Starting with 1974, there was a second phase of building apartment blocks, finished in the late 1970s. The third phase, completed in the early 1980s would significantly overcrowd the area, since many of the old green spaces from the original project, and some of the old detached houses would be replaced by further apartment blocks, and deviate from the original project.

After 1989, Grigorescu continued to grow through new housing development, including expansion onto the slopes toward the Hoia hill. The post-communist period also brought a diversification of local institutions and community life, including the construction of new churches serving several different denominations.

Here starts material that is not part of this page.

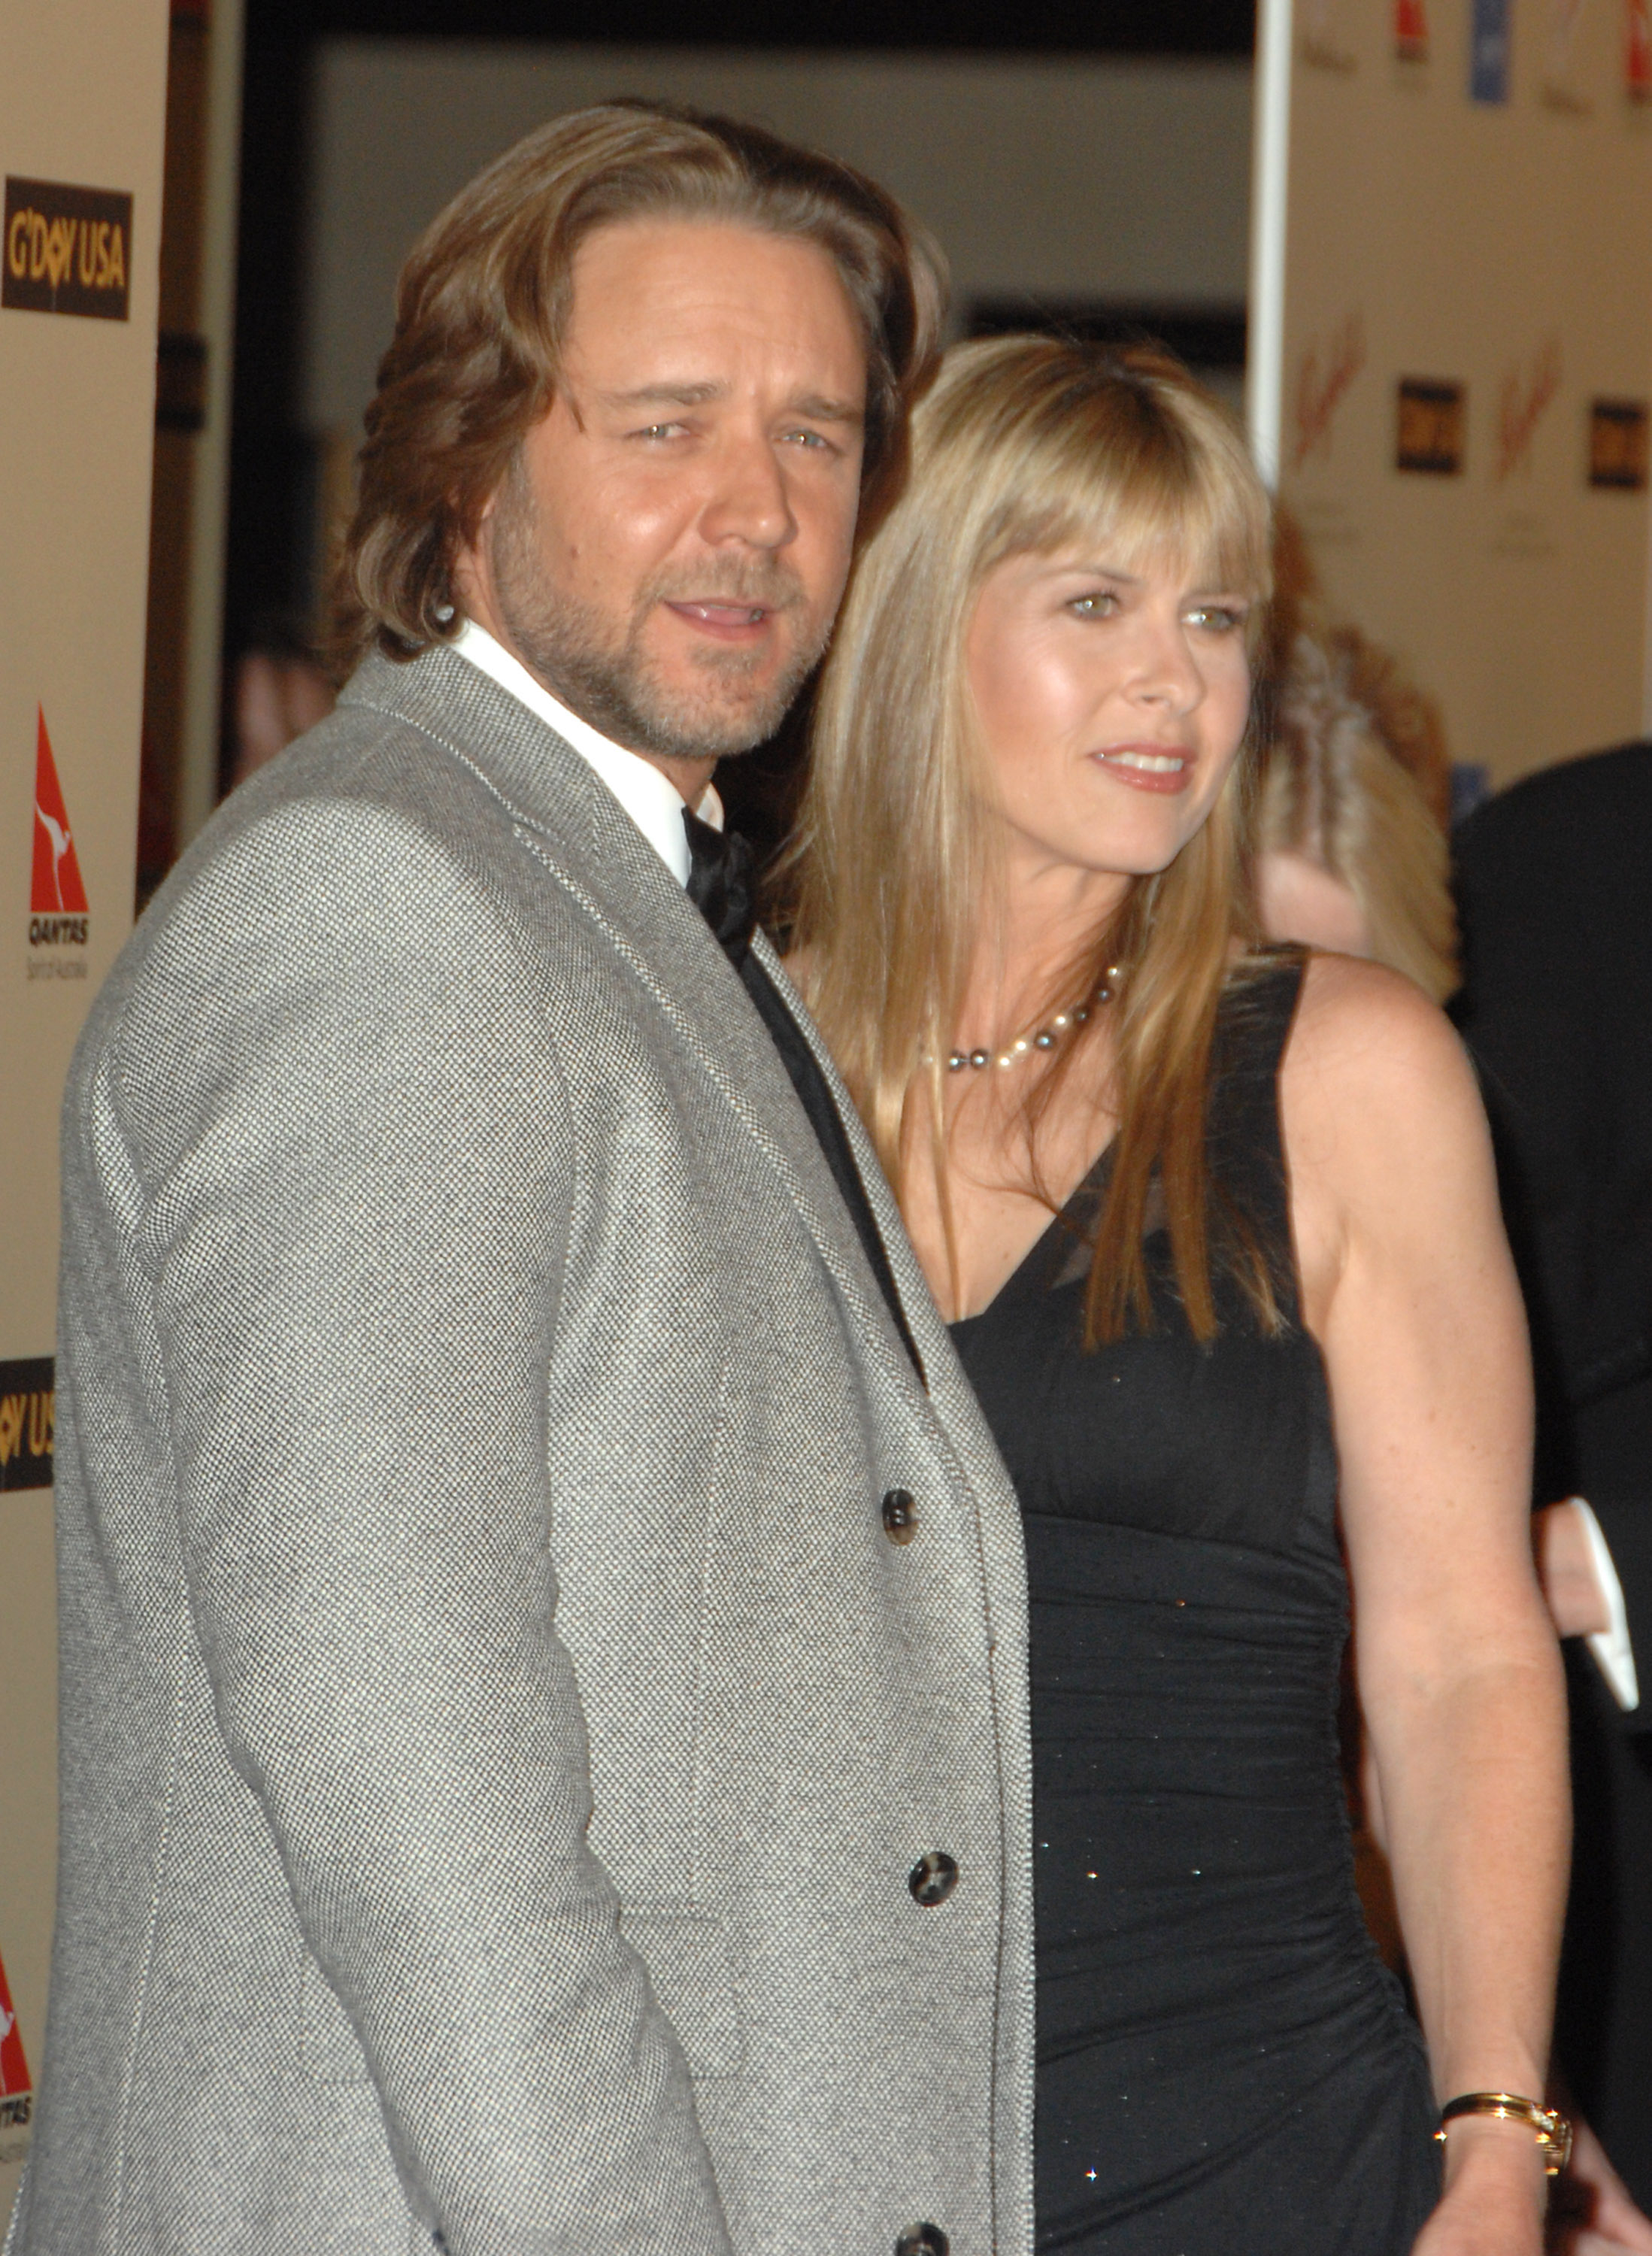 Russell Crowe and Terri Irwin at the 2007 Australia Week Gala in Los Angeles | Source: Getty Images

== The legend of Donath ==

There is a local legend associated with the name Donath. In its best-known form, a shepherd named Donath is said to have noticed Ottoman troops attempting to cut through the Hoia Hill, in a place which is known today as Tăietura Turcului ("Turkish Cut") in order to divert the Someș toward the Nădăș valley and deprive the city of drinking water; after rushing to warn the town authorities, he collapses and dies, and a stone statue is later erected near the Hoia hillside in gratitude. The tale was recorded in the late 19th century and survives in several variants. The Donath name appears to have entered the legend through association with the local statues of Saint Donathus (Donath) while the “Turkish cut” is better understood as a road-cut feature shaped by local terrain and unstable clay soils rather than any Ottoman engineering project.

==Description==

Today, the Grigorescu district occupies the broad, mostly flat river terrace on the northern bank of the Someșul Mic, beneath the slopes of Cetățuie Hill and the Hoia hill. Its older built fabric reflects the area’s earlier identity as two adjacent zones: the inner part, towards the center features mostly villas from the late Austro-Hungarian era, reflecting the styles of eclecticism and secession. The outer area around Strada Donath, which developed more gradually still preserves some of the old detached homes, but its skyline was shaped decisively by successive infills of large apartment buildings. Some newer housing consisting of mostly detached homes can be found on the Hoia slope. Grigorescu is mostly a residential area, but it is home to several schools and churches. It also houses the local headquarters for Radio Cluj and TVR. Another significant building is Grand Hotel Napoca.